Here the job is to repeat the listing exactly, but not the pictures in it.

▸ **INFORMATION PROVIDED**:
━━━━━━━━

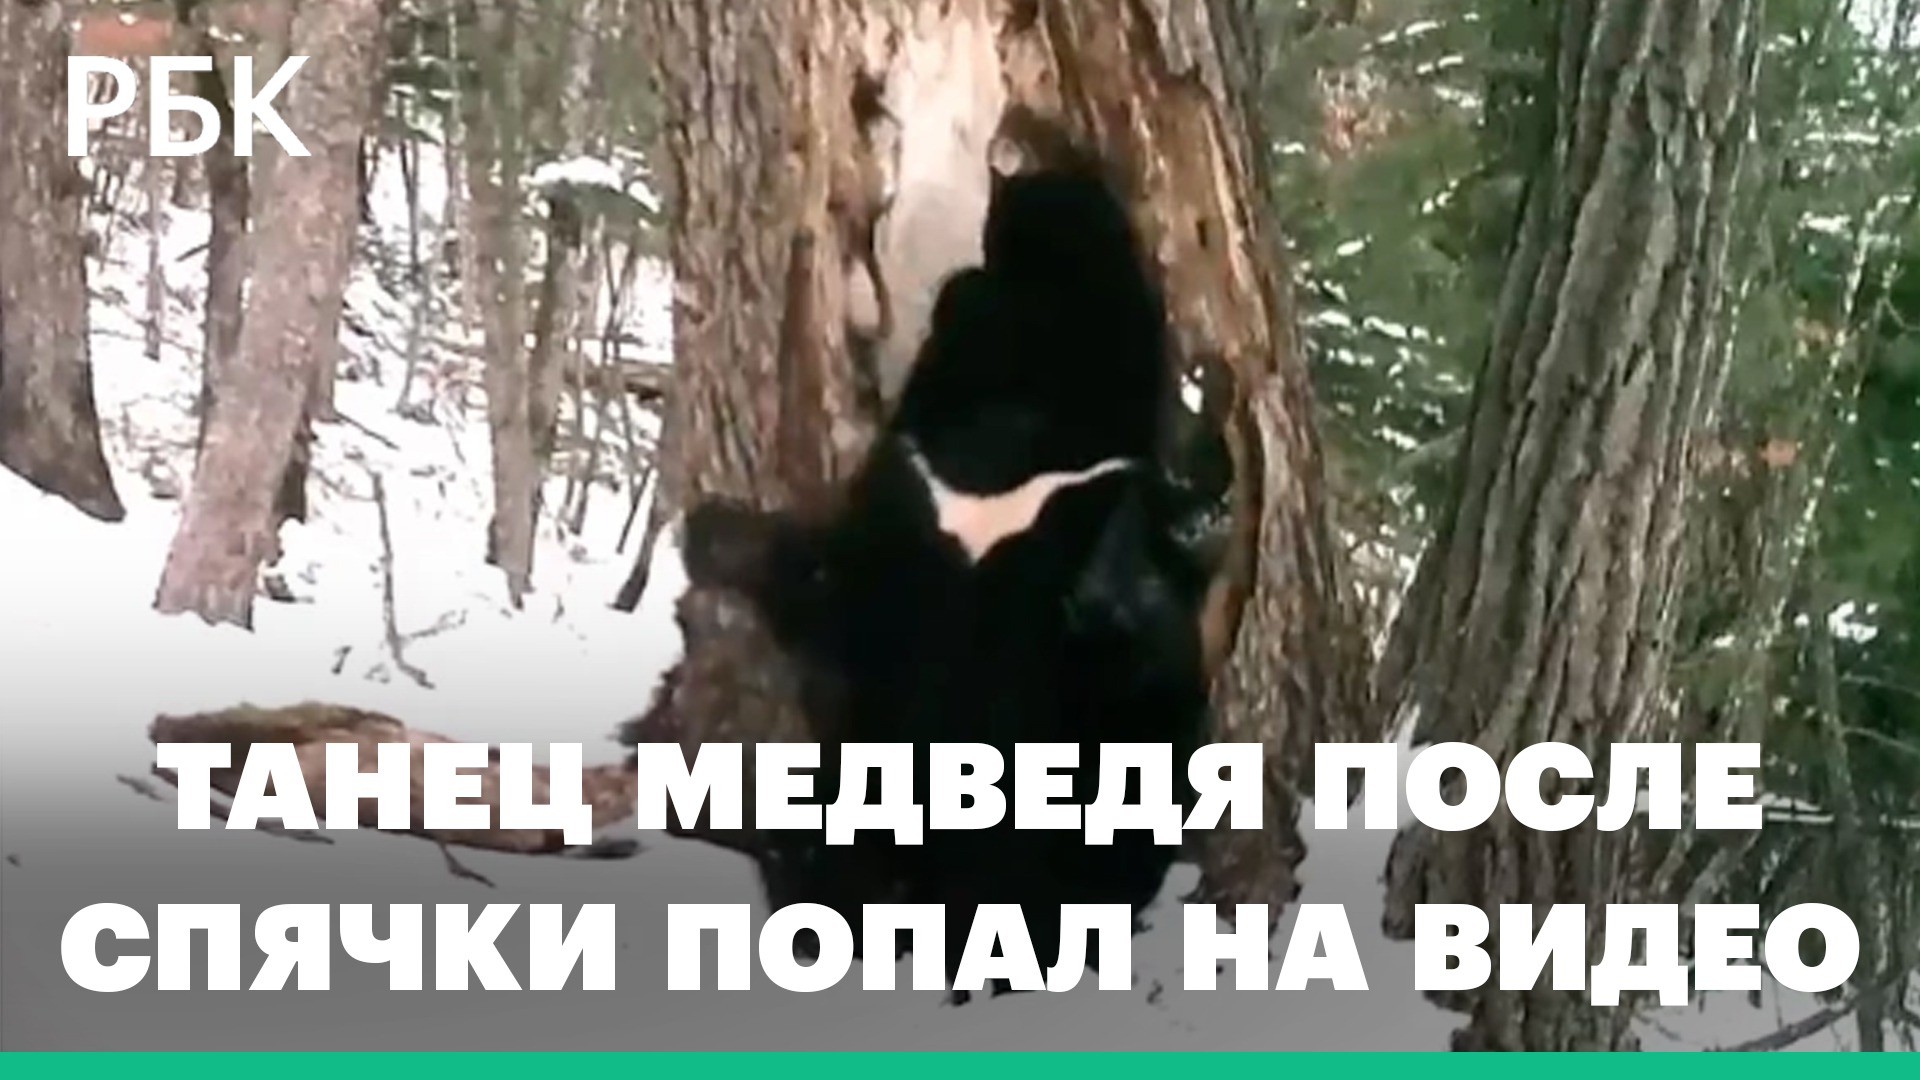 Зажигательный весенний танец медведя после спячки попал на видео
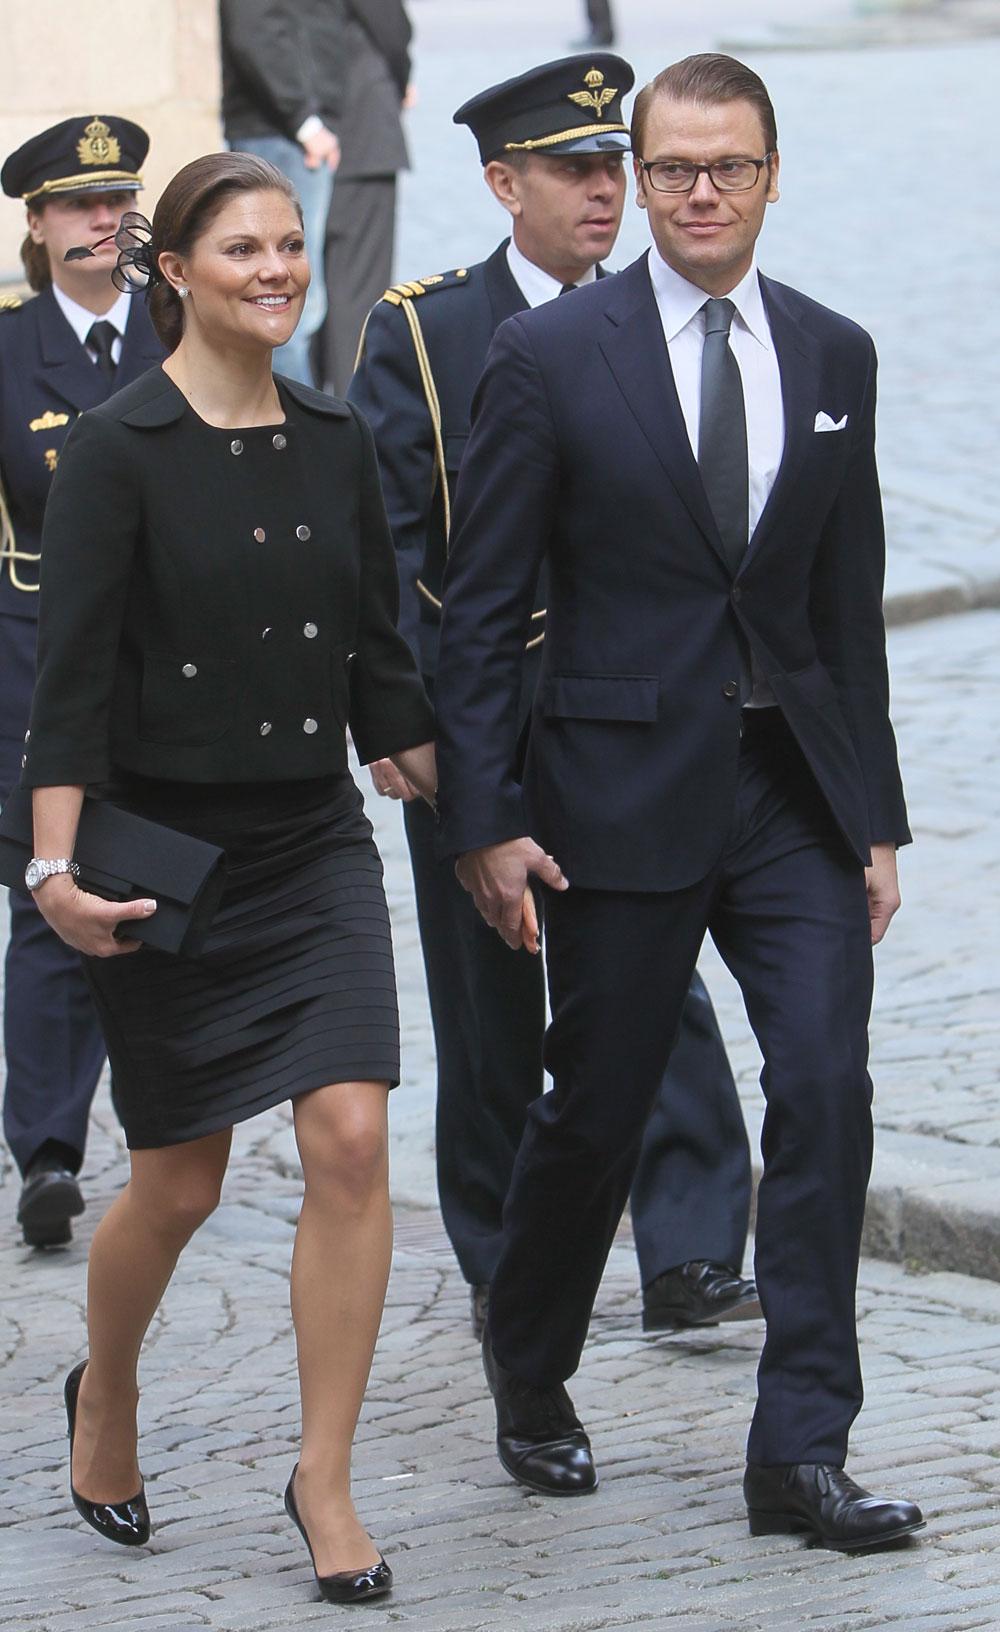 Kronprinsessan Victoria och prins Daniel Westling Bernadotte vid riksmötets öppnande.
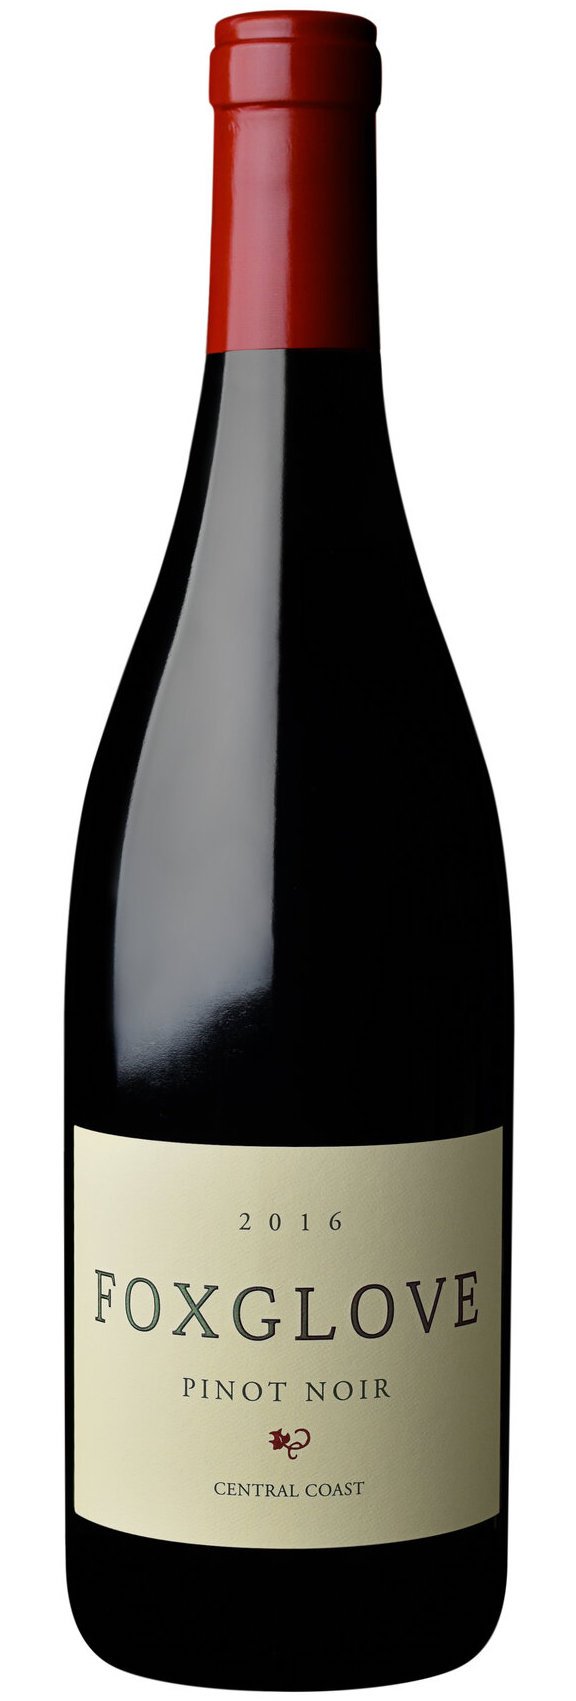 Foxglove Pinot Noir, Central Coast

━━━━━━━━

▸ **OUTPUT OF THE EXERCISE**:
 Зажигательный весенний танец медведя после спячки попал на видео
 Kronprinsessan Victoria och prins Daniel Westling Bernadotte vid riksmötets öppnande.
 Foxglove Pinot Noir, Central Coast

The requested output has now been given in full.